Fenêtre de lecture de Lyonel Trouillot

Vivre avec sa mémoire

Danfans malè, nouvelles, Jean-Euphèle Milcé, éditions de la rosée, 2019

Publié le 2020-01-17 | Le Nouvelliste

On  a souvent déploré la rareté des textes de fiction en créole. Plus nombreux sont les textes poétiques pour des raisons multiples : le statut de la poésie en Haïti, le risque économique (les livres de fiction étant en général plus volumineux que les plaquettes de poésie), l’absence d’une mémoire littéraire en créole dans le domaine de la fiction… Cependant, depuis quelques années, le nombre de textes de fiction en créole augmente. Lentement certes, mais avec des textes de qualité. 

Le recueil de nouvelles de Jean Euphèle Milcé publié chez les éditions de La Rosée (une jeune maison basée aux Gonaïves dont il faut saluer le dynamisme) est constitué d’un ensemble de sept textes dont la plupart développent une thématique de la perte et du souvenir. Habiter sa mémoire ou se laisser habiter par elle, pour n’avoir pas à soi que l’instant. 

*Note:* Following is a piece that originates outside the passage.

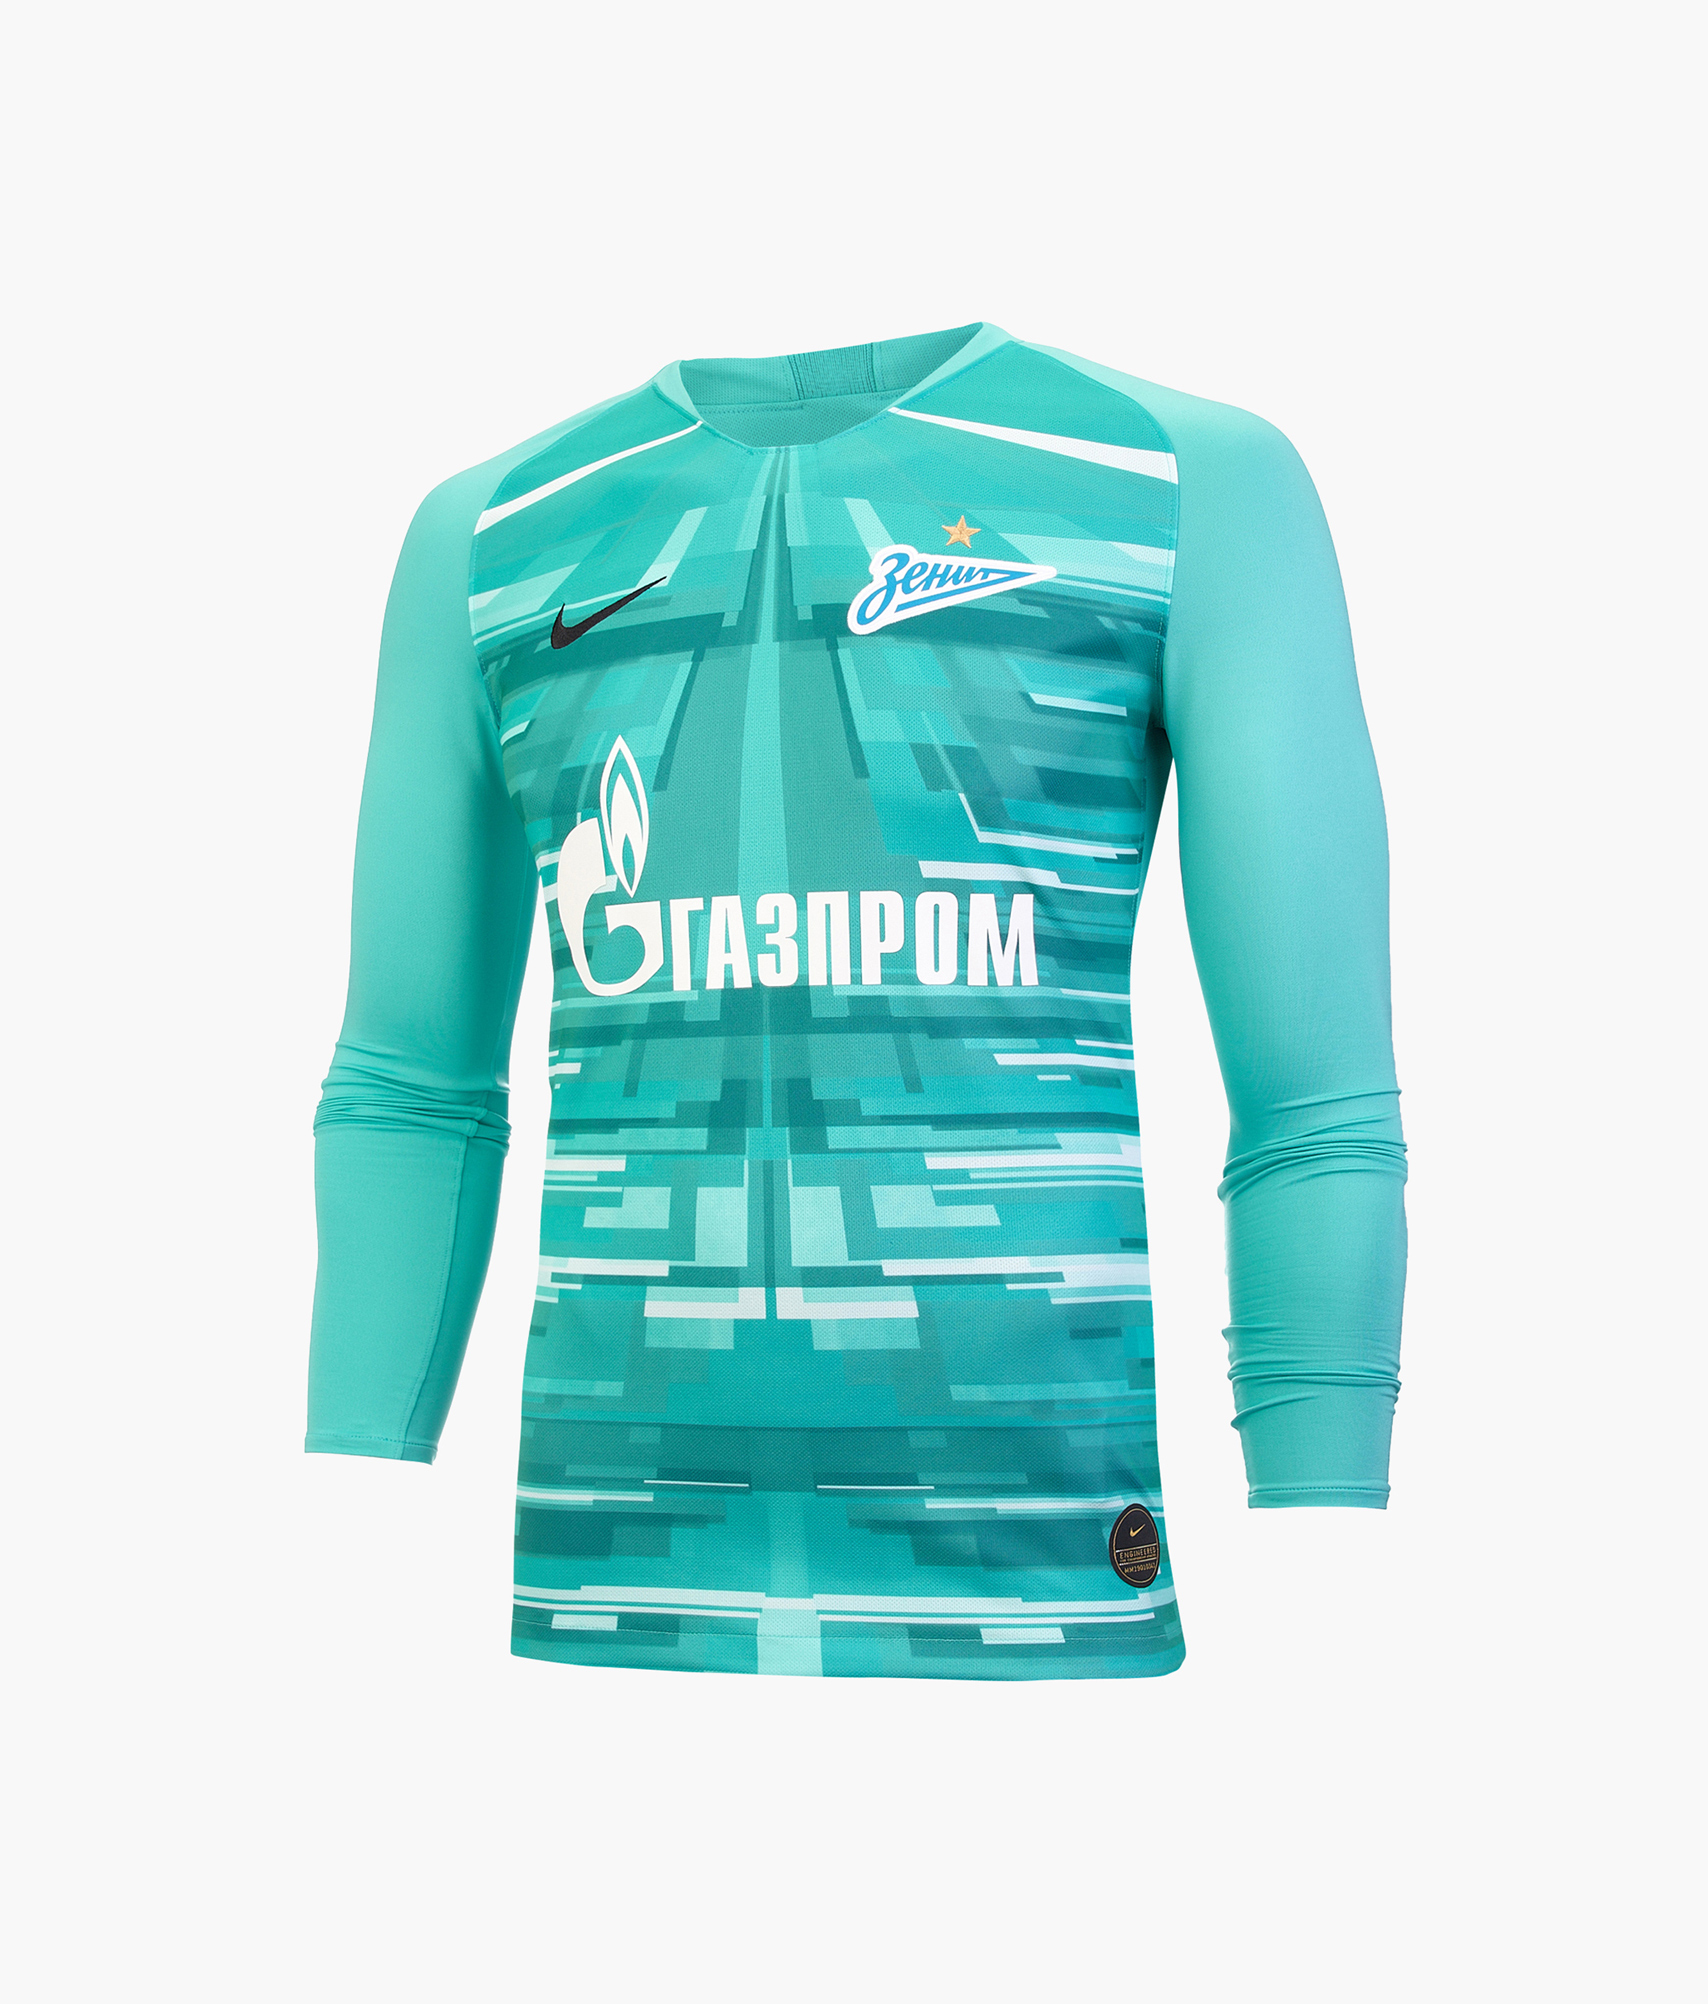 Вратарская футболка с длинным рукавом сезона 2019/20 Nike Цвет-Зеленый
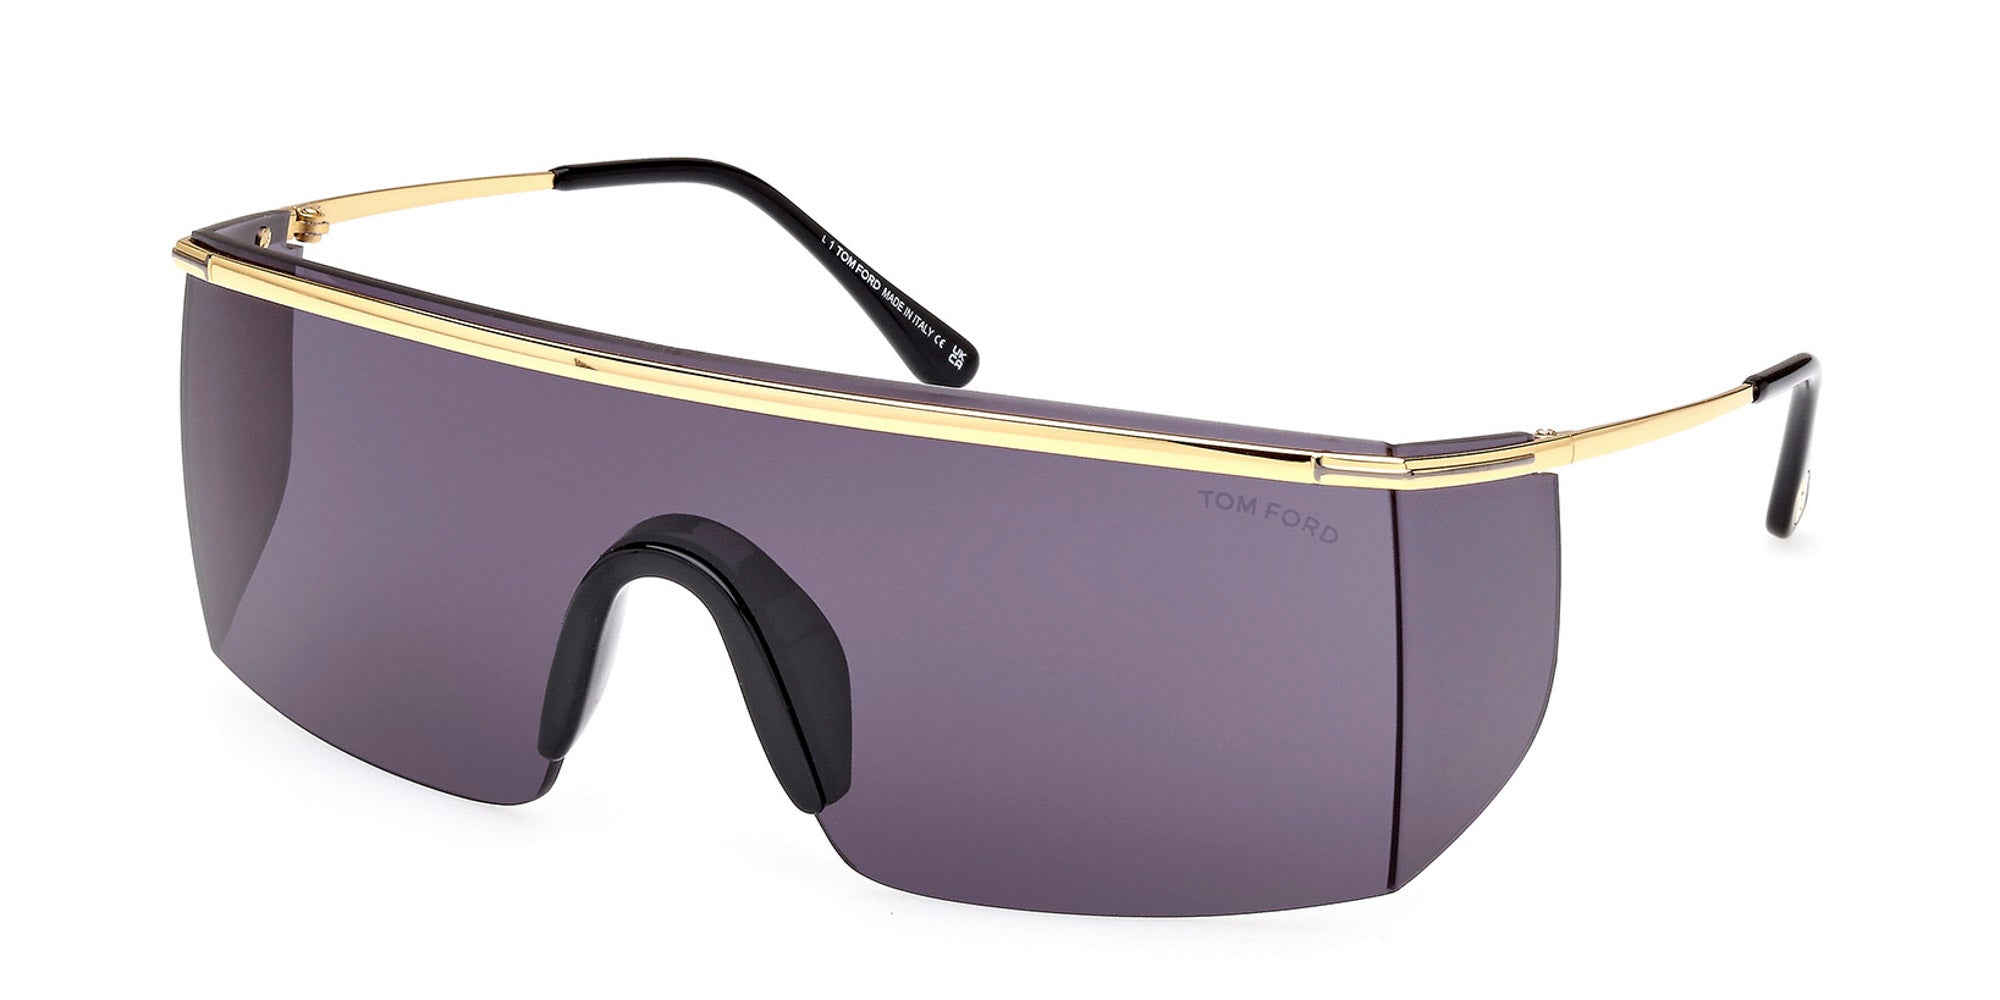 Tom Ford Pavlos-02 TF980 Shield Sunglasses | Fashion Eyewear

« Simiye Tobout », la première nouvelle, l’une des plus poignantes du recueil, traite de la perte d’un ami conduit au suicide par l’isolement et le rejet qu’il a subis à cause de son orientation sexuelle. La dernière, « Mona », aux forts accents lyriques, traite de la perte d’une amie, d’un amour emporté par les eaux à l’occasion d’une des trop nombreuses catastrophes naturelles. Celle-ci pourrait s’appeler : dialogue avec la disparue. Impuissance et force du langage, tout ce qu’il nous reste face à l’absence. « M ap chèche ou anba dekonb yon pakèt pawòl initil, pandan m ap siveye menm pi piti farinay lespwa. » Une thématique de l’injustice aussi. Les misères que nous fait la nature, mais aussi celles que les humains font aux humains : un garçon poussé au suicide… Un jouisseur qui exhibe sa montre alors qu’il « brasse » sur la misère du peuple… À donner à lire aux jeunes, « Move trip », cette jeune femme qui se retrouve en prison, violée par Renèl et sa bande.  Qui n’aime pas l’État. Ni les violeurs. Ni la ville de Saint-Marc. Et qui attend son heure. On ne peut pas venger la nature, mais contre les hommes, on peut : « Jou sa a, devan Bawon, m ap plante je m nan je Renèl. Tout longè. »

Les nouvelles sont écrites à la première personne, sans pour autant verser dans un excès de lyrisme. Elles évitent ainsi, malgré leur poignance, le mélodramatique. « Tan rele tan. » C’est la première phrase de la nouvelle. On peut la lire doublement. Comme une redondance, nous rappelant que portant bien son nom, le temps emporte les choses et ne les remplace pas toujours. Ou, comme le constat que le temps d’aujourd’hui convoque celui d’hier, comme une absence redevenue présence par le souvenir.

La plus drôle, la seule à ne pas être écrite à la première personne, « Sèvi ak Blan ». Une grande famille qui se reproduit par l’importation d’un blanc… Drôle mais, hélas, tellement dans la réalité.

Une bonne lecture que ce « Danfans malè ».